I recently added text-to-speech (TTS) capabilities to OpenBench AI, my local-first Tauri desktop chat app. Rather than relying on a single TTS service, I built a dual-engine system that lets users choose between browser-native speech synthesis or a high-quality on-device neural model. Here's how I did it.
The Goal
Users should be able to click a speaker icon on any assistant message and hear it read aloud. They should have options: lightweight and built-in, or more natural-sounding but requiring a larger model download. All processing should happen localy with no API calls, no privacy concerns.
Architecture: Dual Engines
I implemented two TTS engines with a simple interface:
Supertonic (ST-TTS) — On-device neural TTS. Produces natural, high-quality audio. Requires downloading a ~100MB ONNX model on first use.
Browser SpeechSynthesis — The Web Speech API. No downloads, instant playback, slightly less natural, voice availability varies by OS.

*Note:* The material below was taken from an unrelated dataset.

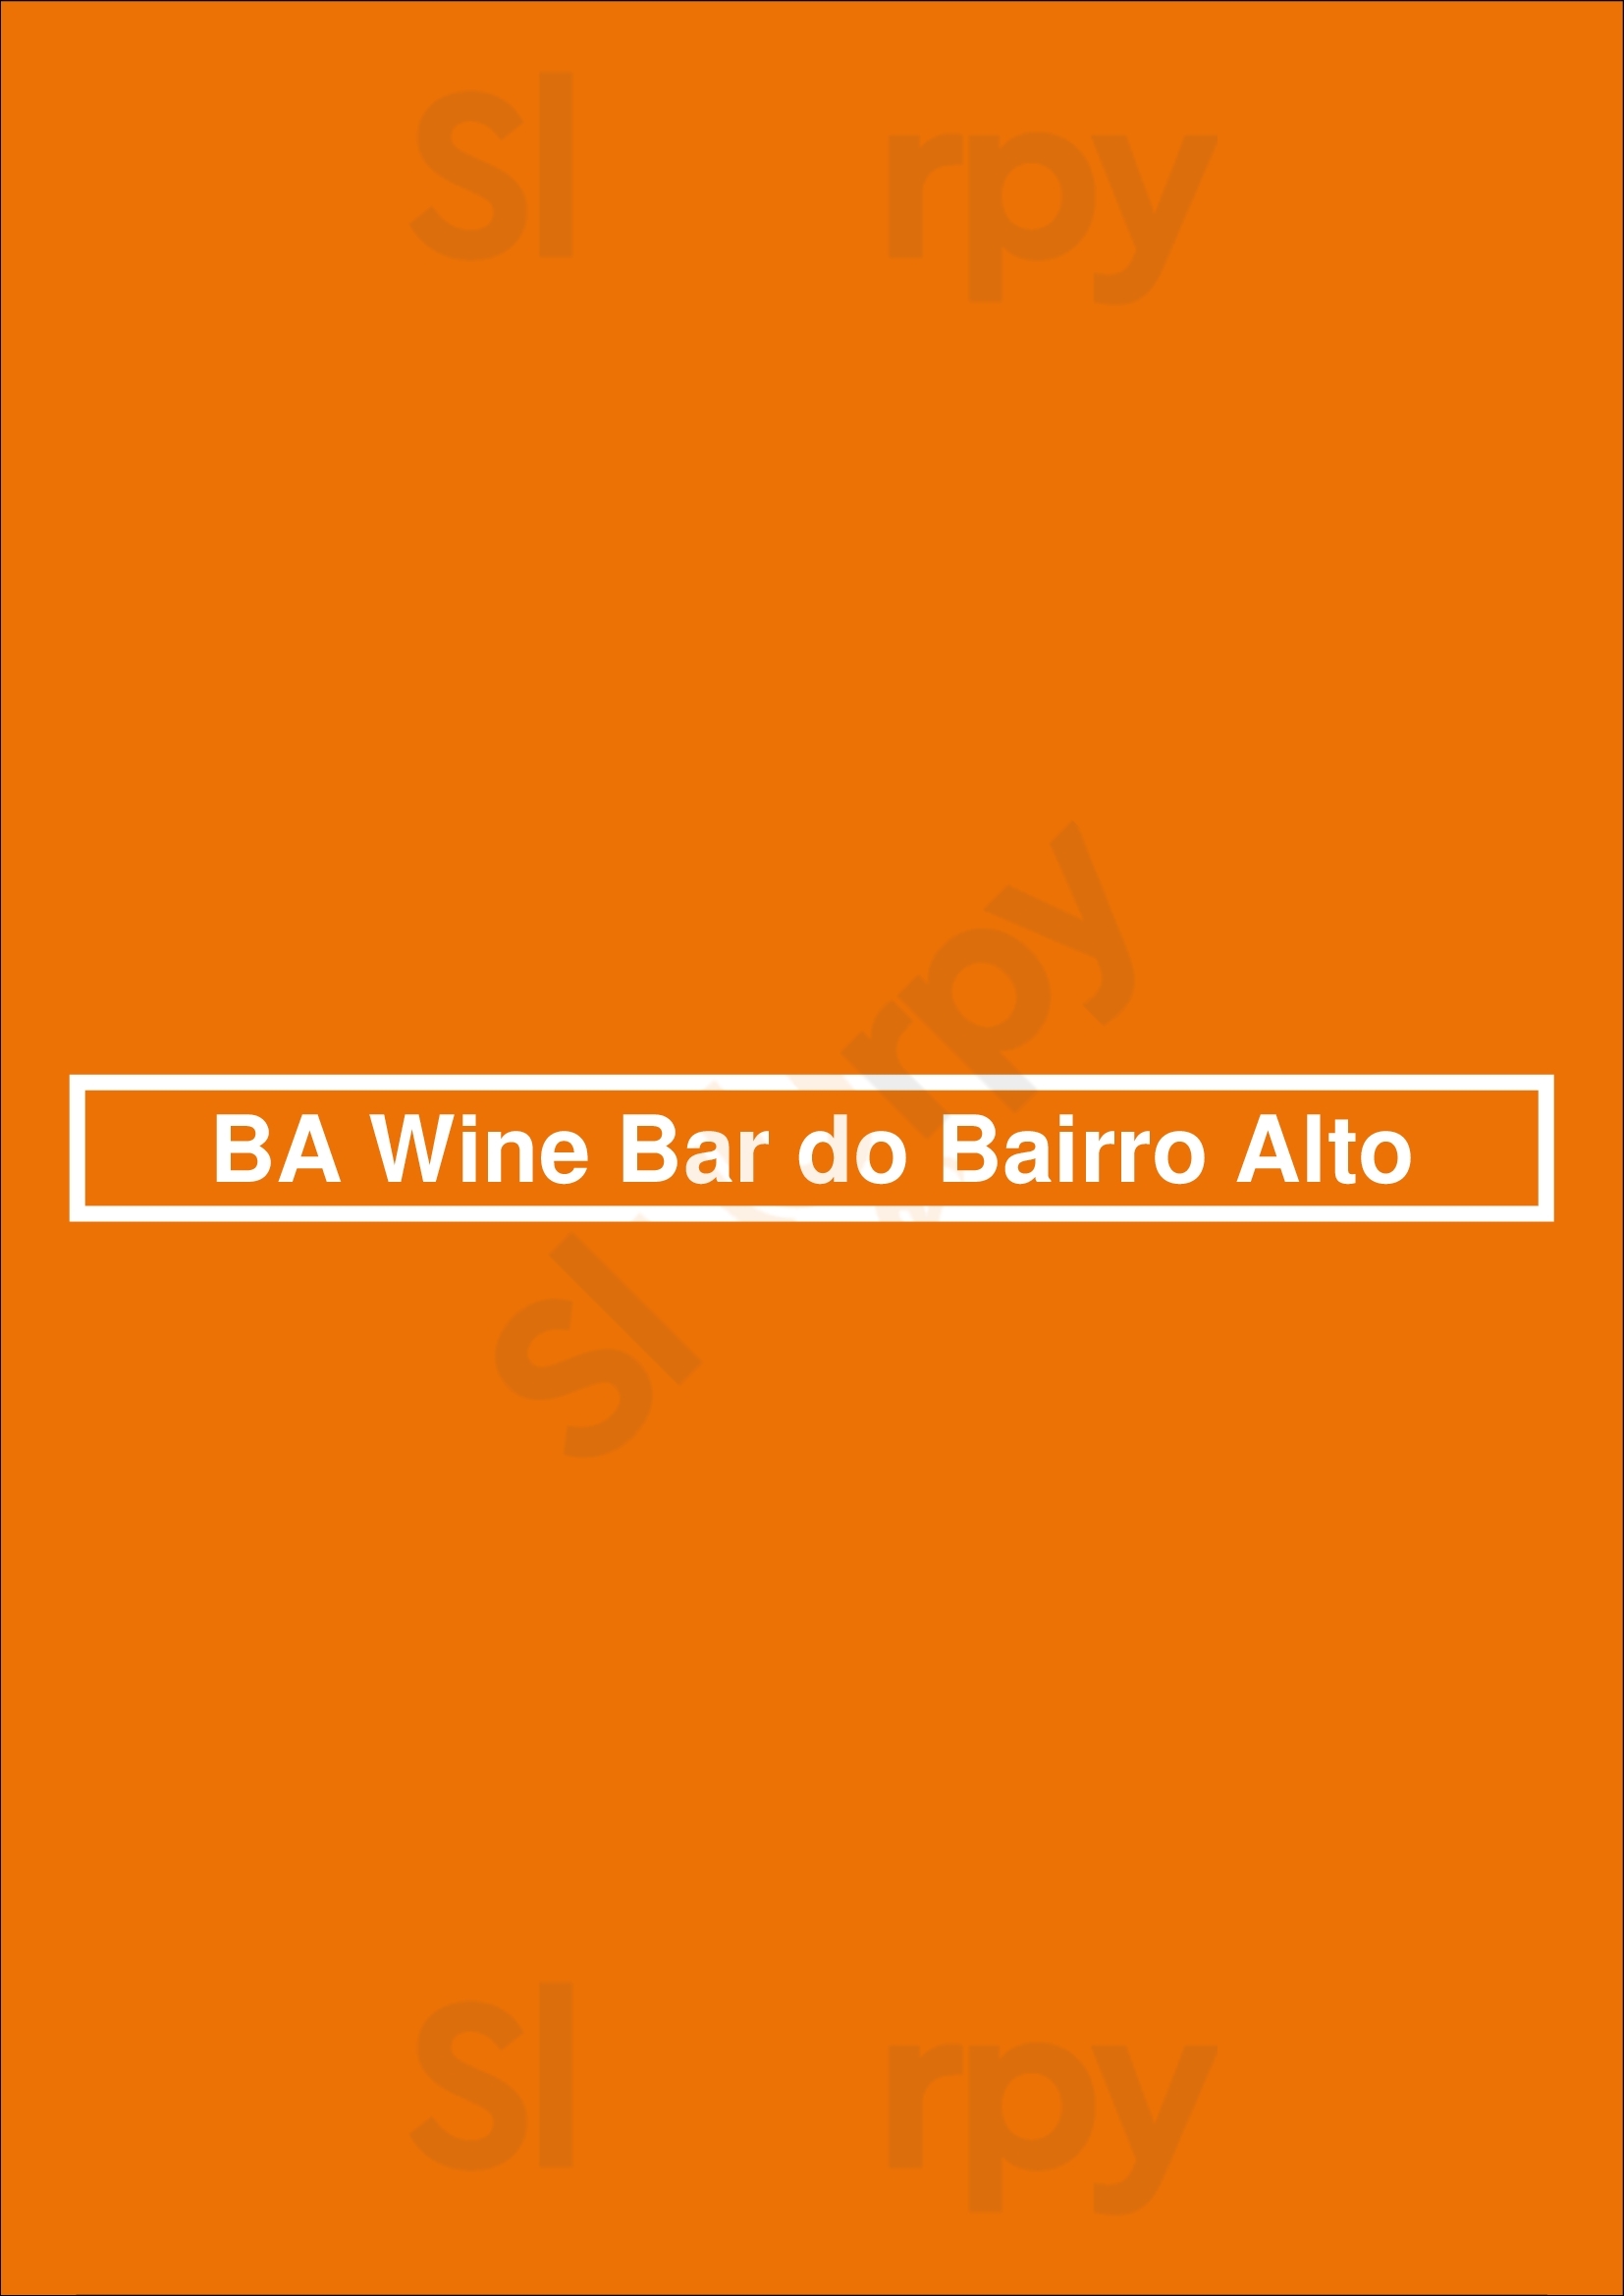 Ba Wine Bar Do Bairro Alto Lisboa Menu - 1

Both engines are exposed via a speaker icon on each message and configured in Settings > Speech.
The Stack
Backend: tauri-plugin-supertonic
A Rust Tauri 2 plugin (tauri-plugin-supertonic@0.1) wrapping supertonic-core and ONNX Runtime.
Why a plugin? No custom Rust commands needed. The plugin handles everything at the Rust layer: model download, voice selection, and WAV synthesis. The frontend only speaks through the JavaScript API.
Frontend: tauri-plugin-supertonic-api
An npm package (tauri-plugin-supertonic-api@0.1) exposing a clean JavaScript interface:
loadModel(): Promise<void>
synthesize(text: string, language: string): Promise<string> // Returns base64 WAV
listVoices(): Promise<Voice[]>
selectVoice(voiceId: string): Promise<void>
State Management: Two Zustand Stores
settingsStore.ts — Holds TTS configuration:
type TtsSettings = {
engine: "browser" | "stTts"
browser: {
voice: string
speed: number // 0.5–2.0
pitch: number // 0–2.0
}
stTts: {
voice: string
speed: number
}
}
Settings persist to localStorage with version migration — if you ever add a new setting, users don't break.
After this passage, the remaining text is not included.